• [THE PROBLEM]
Repeat only the lines below that run from the line with "Extracting a liquid using a large pipette" to the line with "K9 Joint Support", ends included; skip every picture.

• [DATA EXCERPTS]
%%

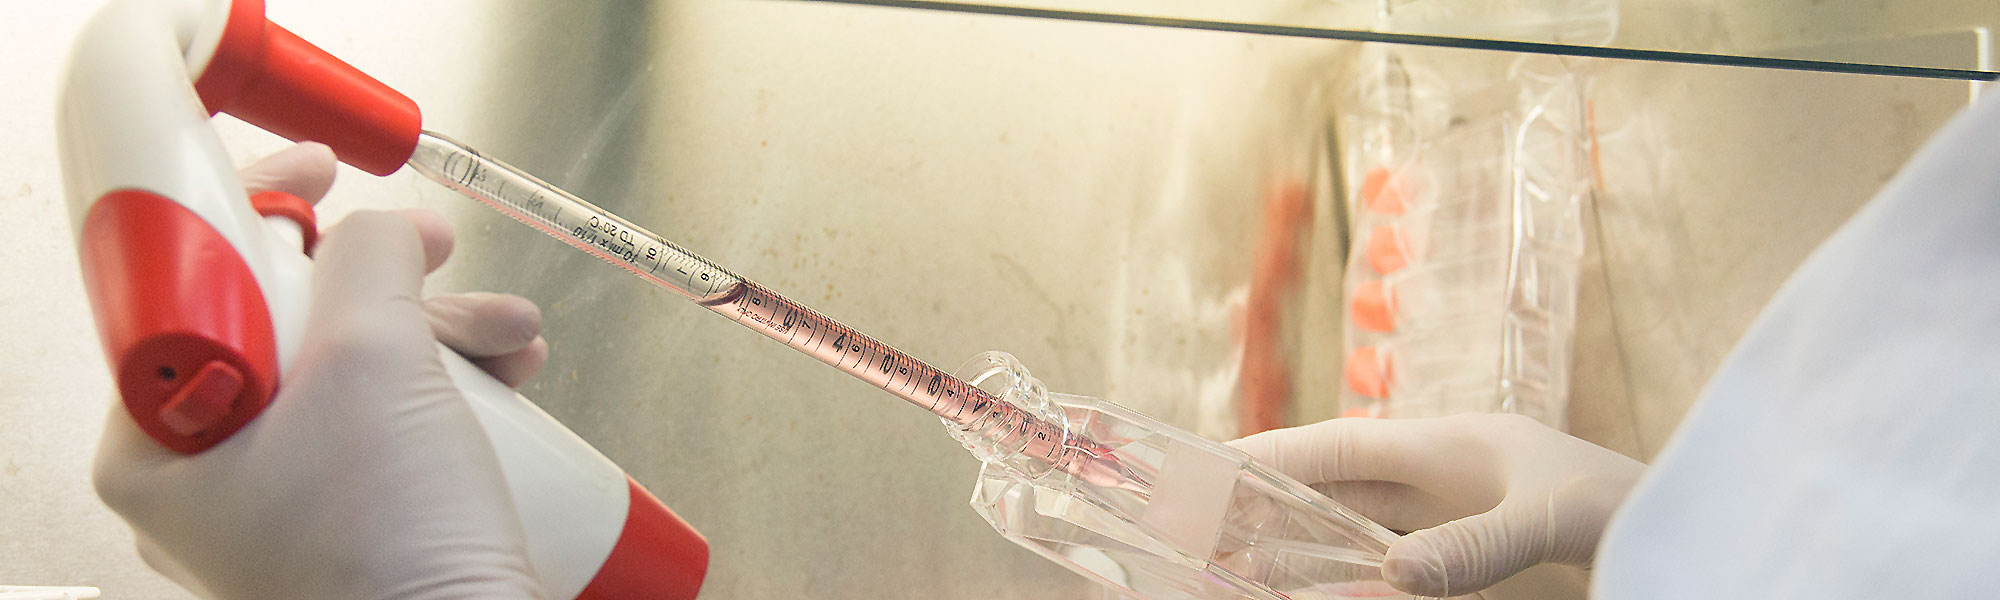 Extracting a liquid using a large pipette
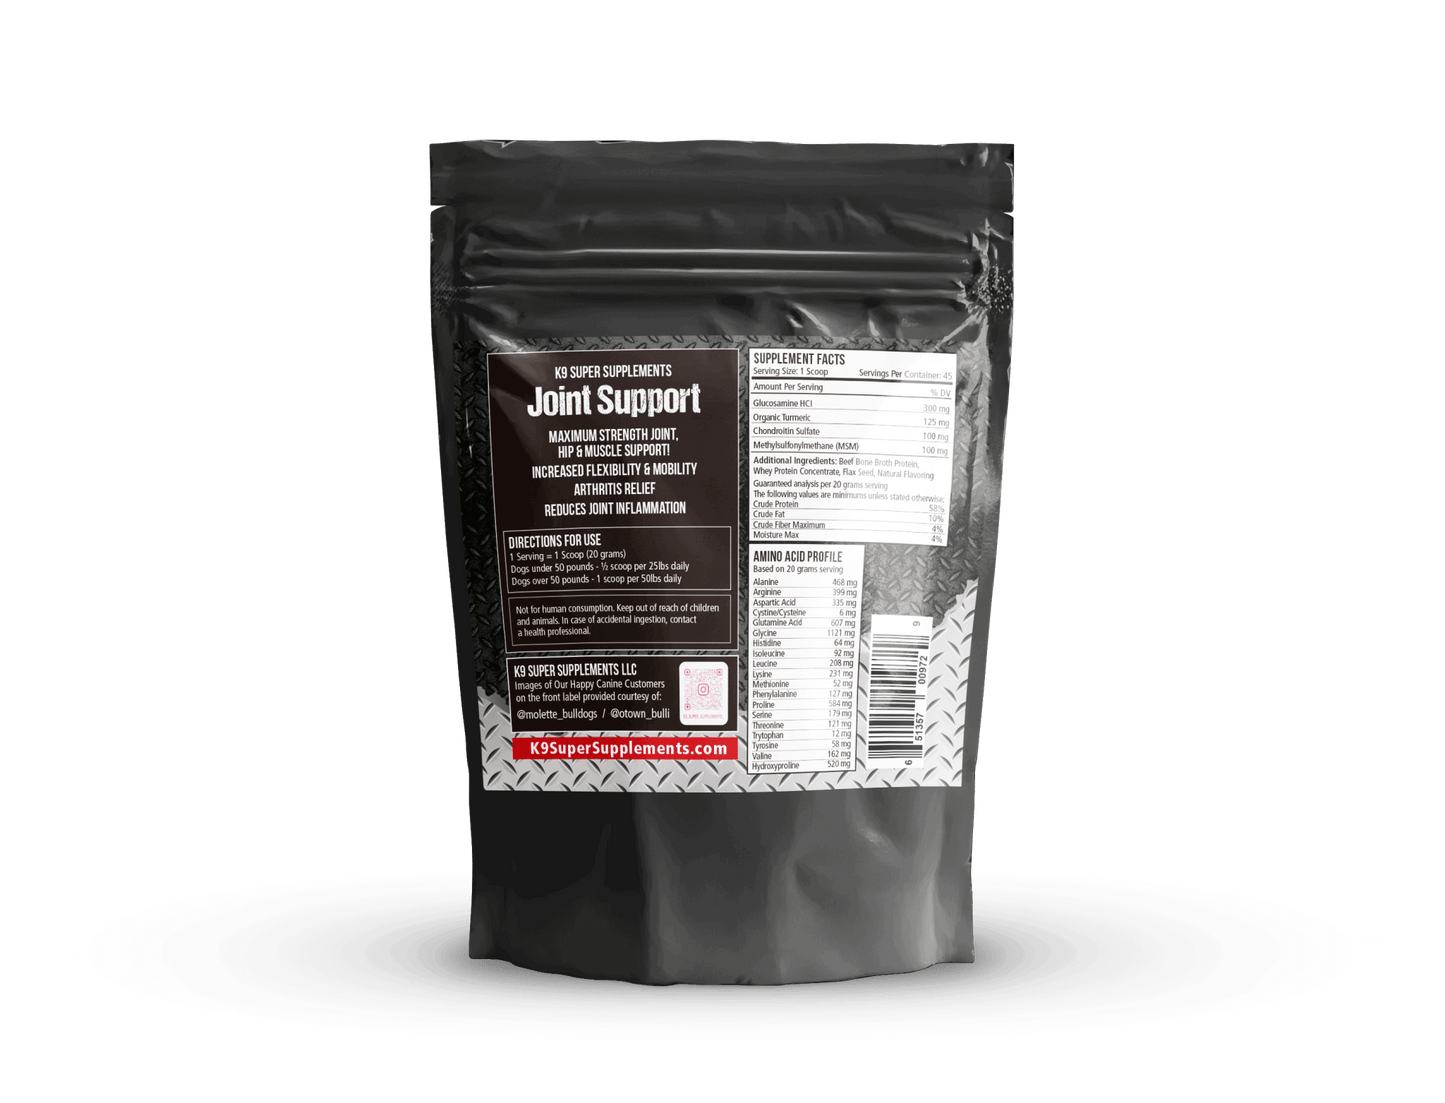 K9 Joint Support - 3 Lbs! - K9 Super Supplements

%%
%%

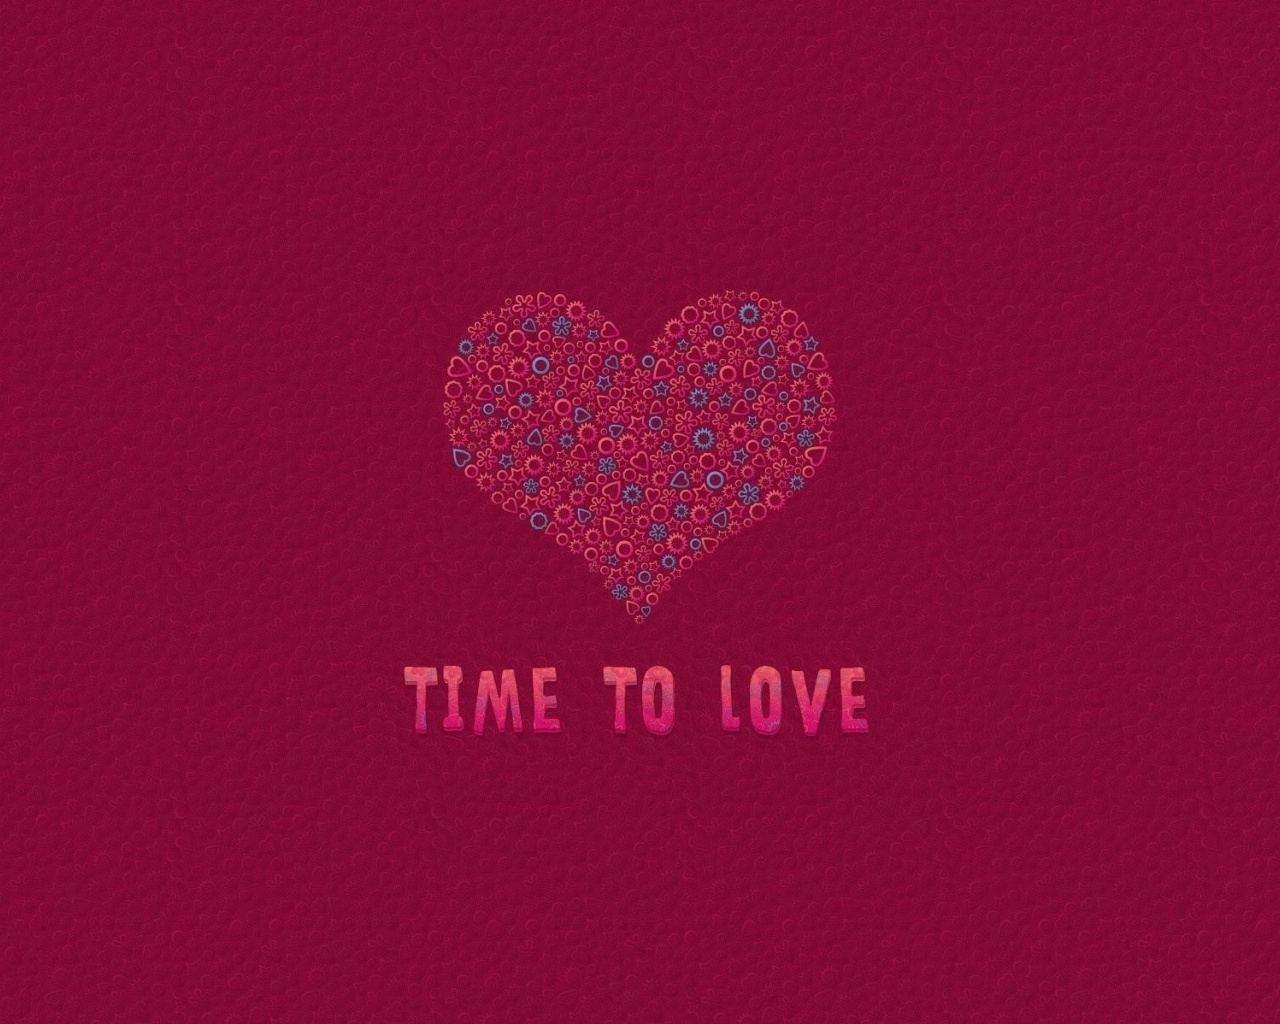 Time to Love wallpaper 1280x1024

%%
%%

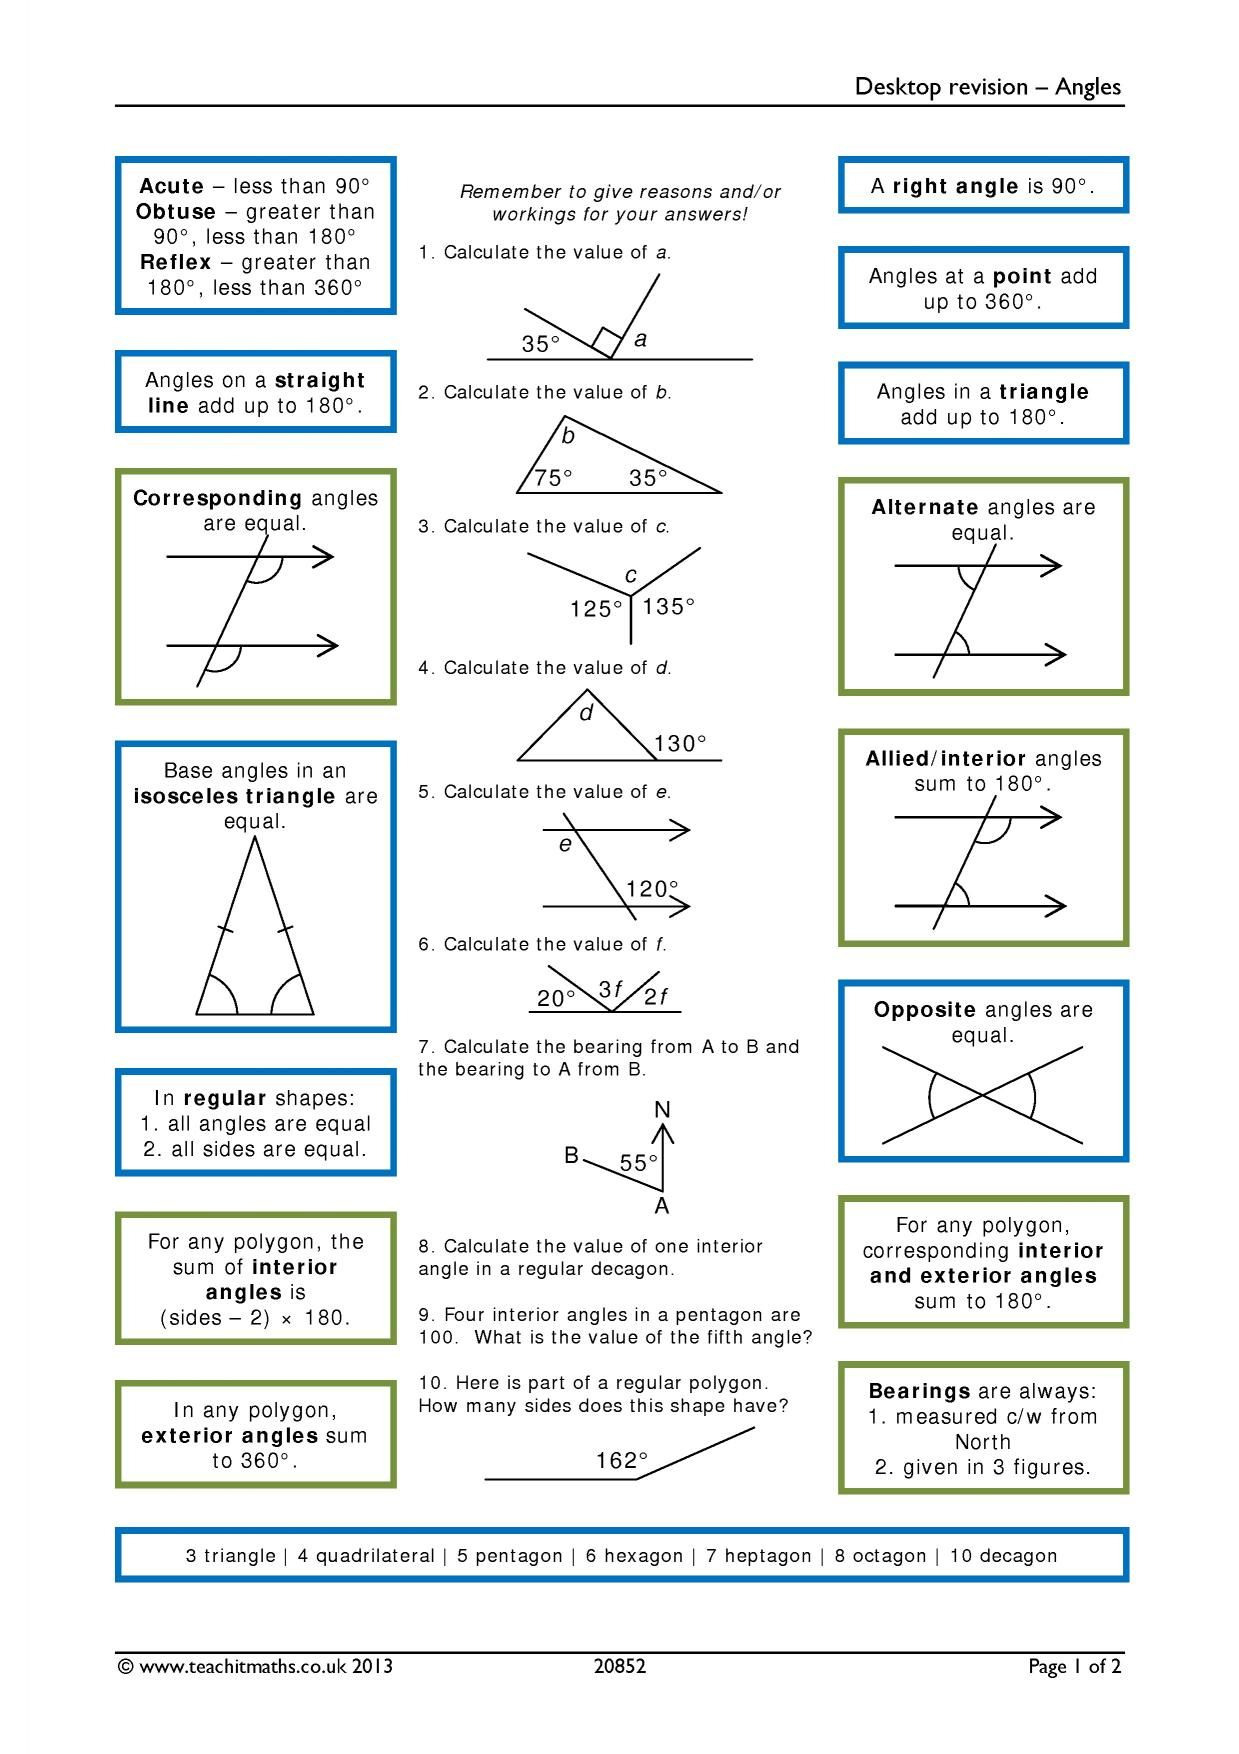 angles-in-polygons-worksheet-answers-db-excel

%%

• [WRITTEN SOLUTION]
 Extracting a liquid using a large pipette
 K9 Joint Support - 3 Lbs! - K9 Super Supplements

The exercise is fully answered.